Я чокнулся и выпил, по у меня был настолько ошеломленный и сконфуженный вид, что граф, видимо, заметил это, пожимая мне руку; разница между нами и в возрасте, и в общественном положении была слишком велика, чтобы я мог ожидать такого предложения.

– Да только не смущайся, когда придется говорить ты! – весело сказал он. – Для меня это большая удача – быть на ты с молодым собратом из другого государства. Следуй и ты доброму немецкому обычаю, по которому юноши, зрелые мужи и старики, идущие к одной и той же цели, вступают в братский союз. А теперь поговорим о тебе! Что ты думаешь делать, когда снова будешь на родине?

– Я думаю вернуться к изучению «Боргезского бойца», – ответил я. На его вопрос, что это значит, я вкратце рассказал, как благодаря этой статуе я подошел к науке о человеке, а теперь собираюсь сделать своим призванием не только изучение внешнего облика людей, но и их жизни в обществе. – На долю мою выпала удача, даровавшая мне время и средства для достижения этой цели, и я надеюсь быстрым и разумным путем наверстать необходимые знания, а затем посвятить себя труду на пользу общества.

– Я себе представлял нечто в этом духе, – сказал мой титулованный собрат, – но раз уж так обстоят дела, я бы не терял времени на особые занятия, тем более что у вас в стране нет иерархии, а следовательно, нет и непреодолимых ограничений. На твоем месте я бы начал с того, что спокойно осмотрелся, а затем взял на себя какую-нибудь низшую должность, – в случае необходимости даже без оплаты, – и научился бы плавать, сразу бросившись в воду. Если ты возьмешь себе за правило каждый день посвящать несколько свободных часов чтению книг по общественным вопросам и размышлению над ними, ты в течение короткого времени станешь деятелем, обладающим и достаточными познаниями, и практическим опытом, причем с годами заполнишь все пробелы школьного образования, и в тебе окрепнет то, что составляет сущность настоящего человека. Разумеется, судебное дело и все с ним связанное я бы оставил на долю ученых юристов; я постарался бы добиться того, чтобы все в этом отношении последовали моему примеру. Главное, нужно знать, когда и где надлежит дать слово юристам, нужно обеспечить им почет и всеобщее уважение, если сами они высоко держат знамя законности и не судят по мертвой букве закона, нанося вред своему народу. К трусливым судьям ты должен быть непримирим, изгоняй их и клейми презрением…

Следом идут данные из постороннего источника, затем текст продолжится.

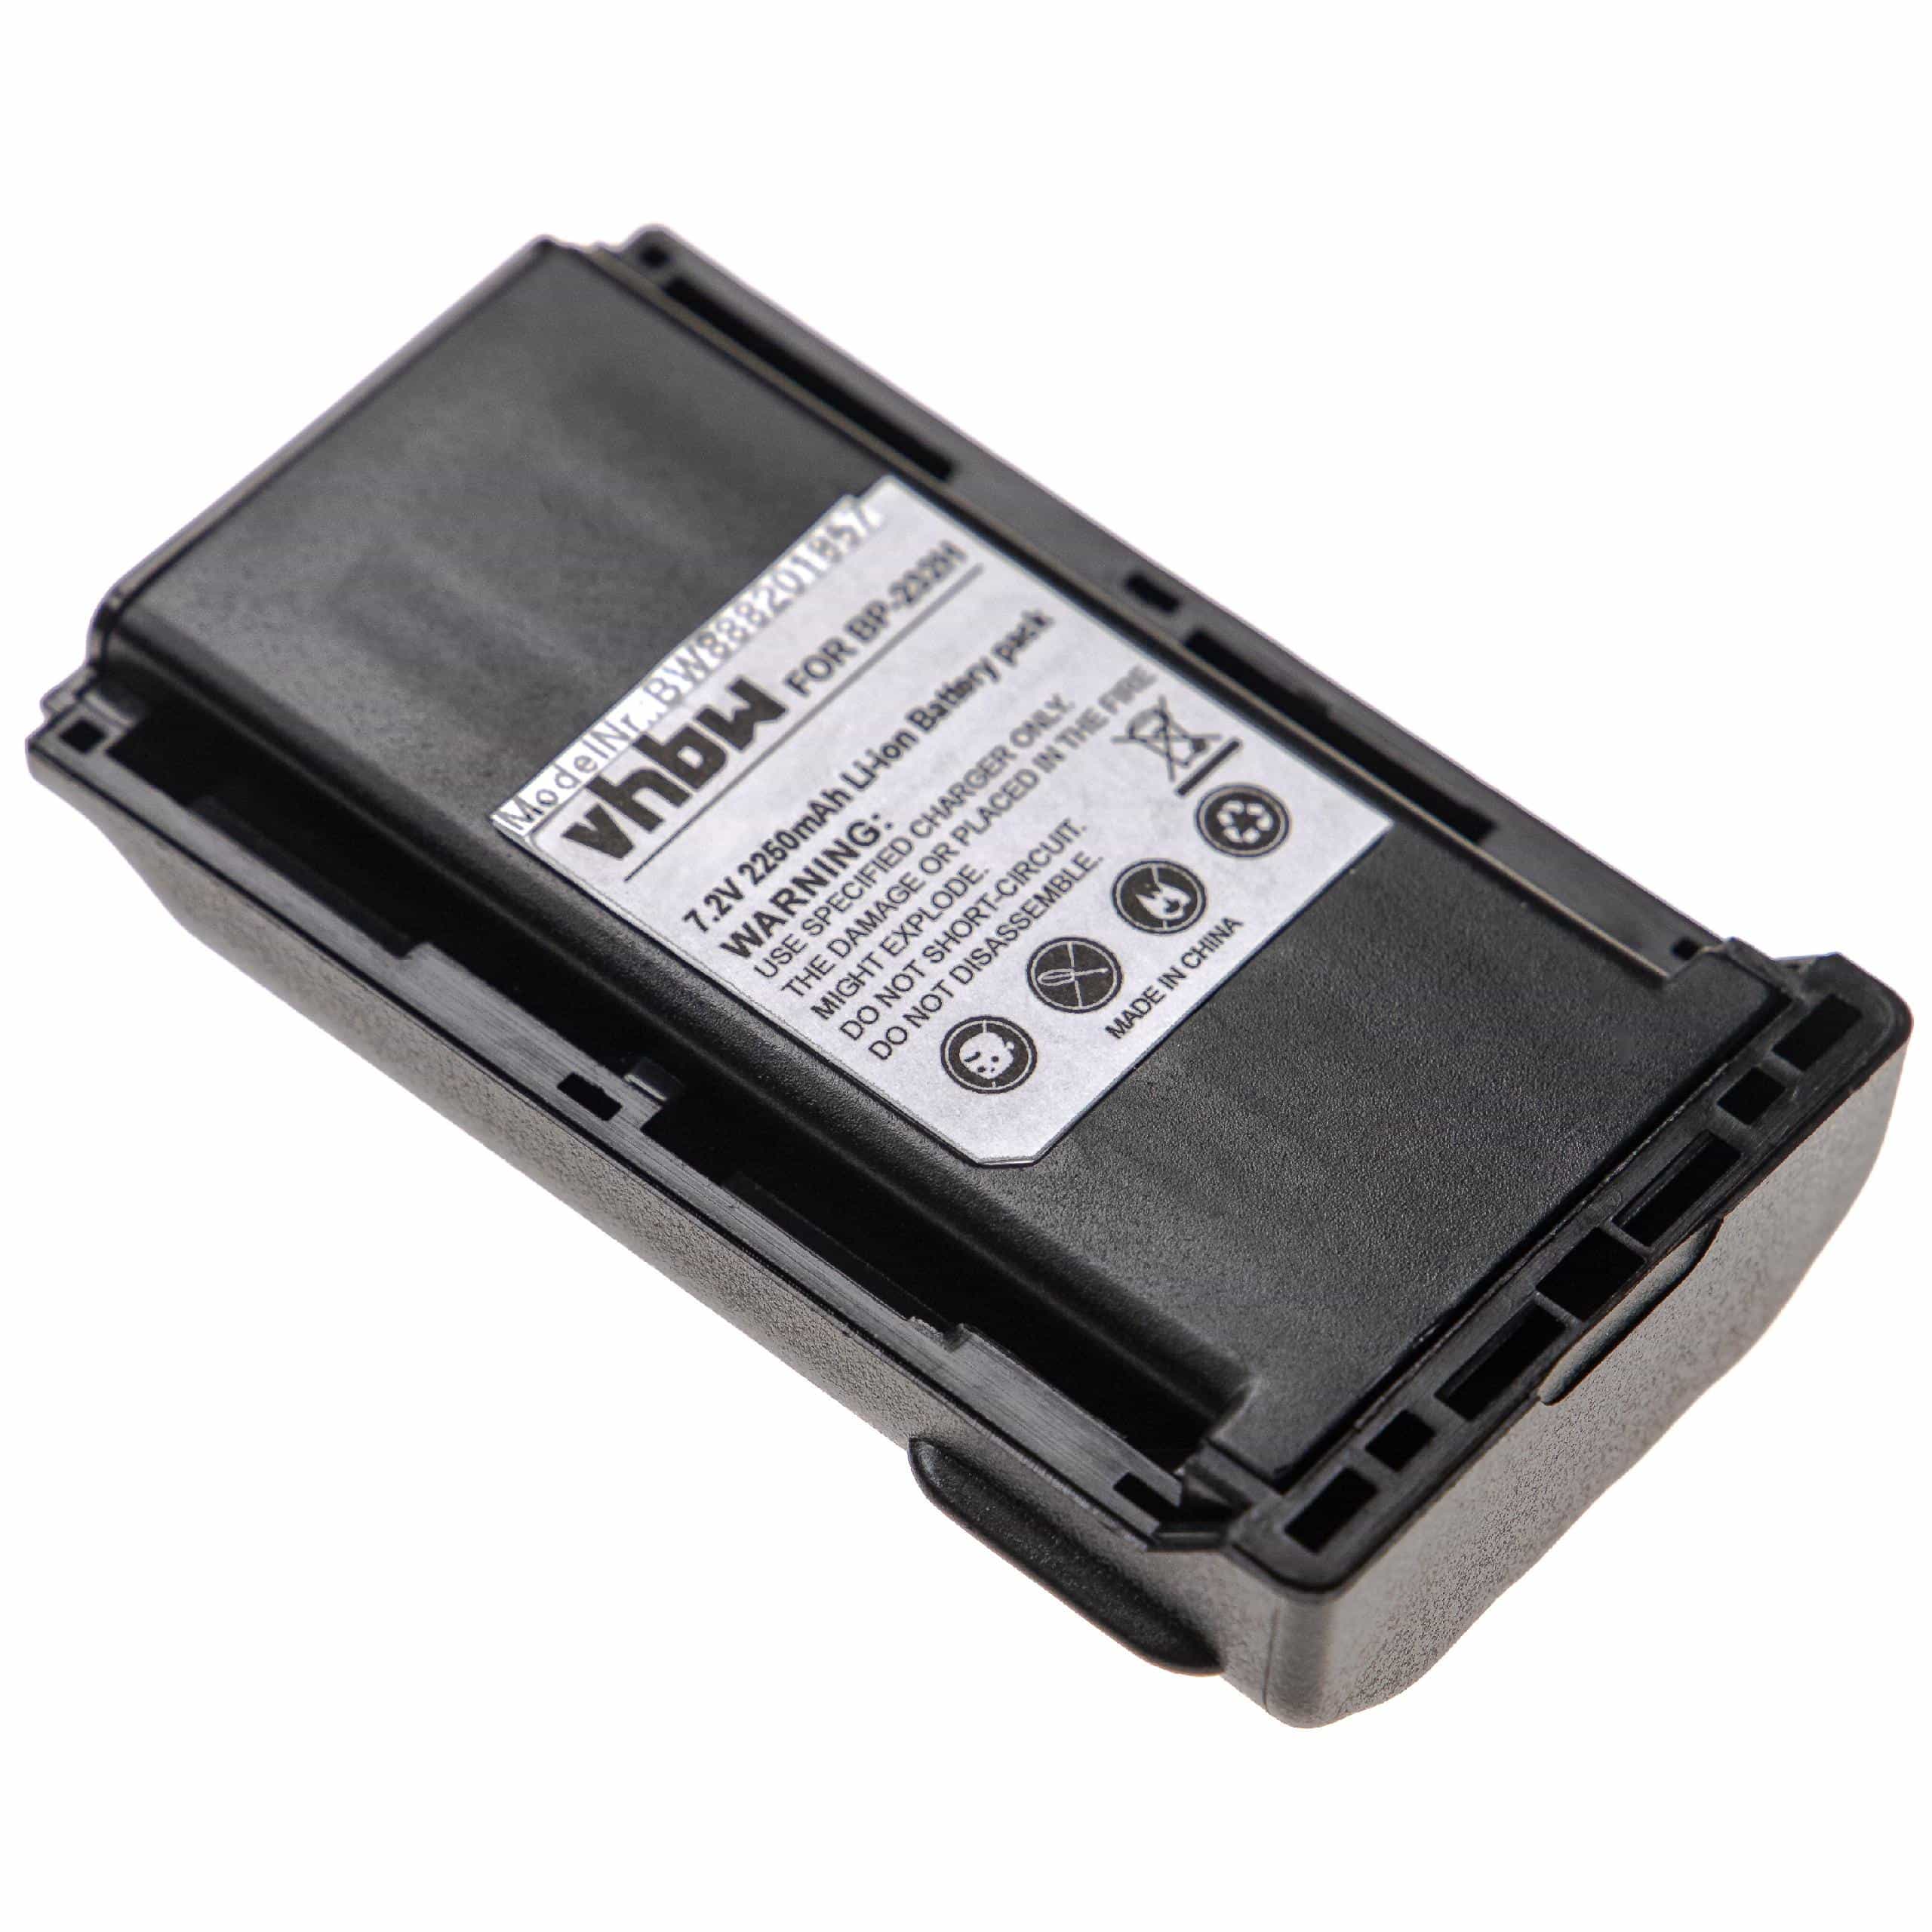 Batteria per dispositivo radio sostituisce Icom BJ-2000, BP-231, BP-230, BP-230N Icom - 2250mAh 7,2V Li-Ion

– Постой, о граф! – остановил я моего собеседника, ибо он, увлекшись, совсем забыл о моем нынешнем положении. – Я еще не стал ни консулом, ни трибуном!

– Все равно! – воскликнул он еще громче. – А если перед тобой окажутся одновременно двое судей, из которых один будет труслив, а другой неправеден, вели обоим отрубить головы и приставь неправедному голову трусливого, а трусливому голову неправедного. Пусть тогда они судят, как могут!

Только теперь он умолк, потом выпил и продолжал:

– Таково примерно мое мнение… Ну, ты меня в общем, понимаешь!

Я еще никогда не видел, чтобы этот неизменно спокойный человек был так взволнован; мои слова о том, что я отправляюсь в республику, где собираюсь участвовать в общественной жизни страны, казалось, пробудили в нем горестные мысли о собственной стране и старое недовольство общественным устройством.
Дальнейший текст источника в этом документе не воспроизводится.